We target the implementation of a low-power system with maximum power supply of 5W using a XCKU040 Kintex Ultrascale Xilinx FPGA integrated on an Avnet board. The implemented circuit can process Ising problems of up to at least 1100 spins fully connected and of >2000 spins sparsely connected within the 5W power supply limit. Data is encoded into 18 bits fixed point vectors with 1 sign, 5 integer and 12 decimal bits to optimize computation time and power consumption. An important feature of our FPGA implementation of CAC is the use of several clock frequencies to concentrate the electrical power on the circuits that are the bottleneck of computation and require a high-speed clock. For the realization of the matrix-vector multiplication, each element of the matrix is encoded with 2 bits precision (wij is − 1, 0 or 1). An approximation based on the combination of logic equations describing the behavior of a multiplexer allows to achieve 104 multiplications within one clock cycle. The results of these multiplications are summed using cascading DSP and CARRY8 connected in a tree structure. Using pipelining, a matrix-vector multiplication for a squared matrix of size N is computed in \(2+5\frac{\log(N-4)}{\log\,(5)}+(\frac{N}{u})^{2}\) clock cycles (see Supplementary Note 2.4) at a clock frequency of 50MHz with u = 100, which is determined by the limitation of the number of available electronic component of the XCKU040 FPGA. The block size u can be made at least 3 times larger using commercially available FPGAs, which implies that the number of clock cycles needed to compute a dot product can scale almost logarithmically for problems of size N ≈ 1000 (see Supplementary Note 2.4 for discussions of scalability) and that the calculation time can be further significantly decreased using a higher-end FPGA. The calculation of the nonlinearity fi and error terms is achieved at higher frequency (300MHz and 100Mhz) using DSP in 8 + (N/u) and 9 + (N/u) clock cycles, respectively. In order to minimize energy resources and maximize speed, the nonlinear and error terms are calculated multiple times during the calculation of a single matrix-vector multiplication (see Supplementary Note 2).

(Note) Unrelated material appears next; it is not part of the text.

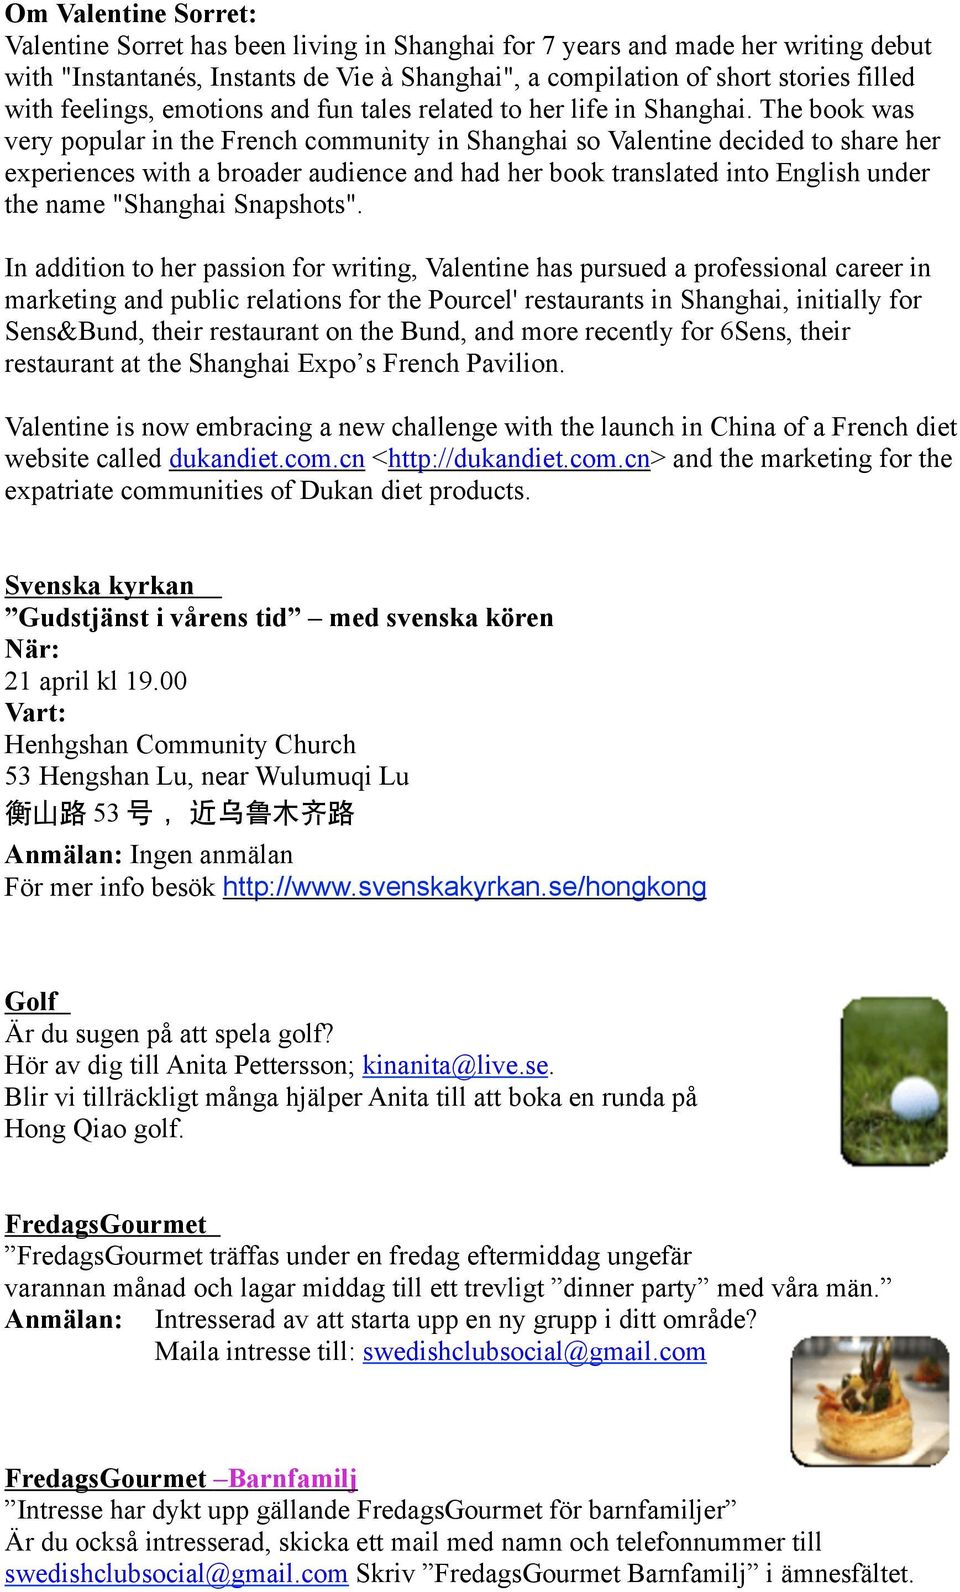 The book was very popular in the French community in Shanghai so Valentine decided to share her experiences with a broader audience and had her book translated into English under the name "Shanghai

Prior to computing the benchmark on the Sherrington-Kirkpatrick instances, the parameters of the system (see Supplementary Note 2.8) are optimized automatically using Bayesian optimization and bandit-based methods71. The automatic tuning of parameters for some previously unseen instances is out of the scope of this work but can be achieved to some extent using machine learning techniques72.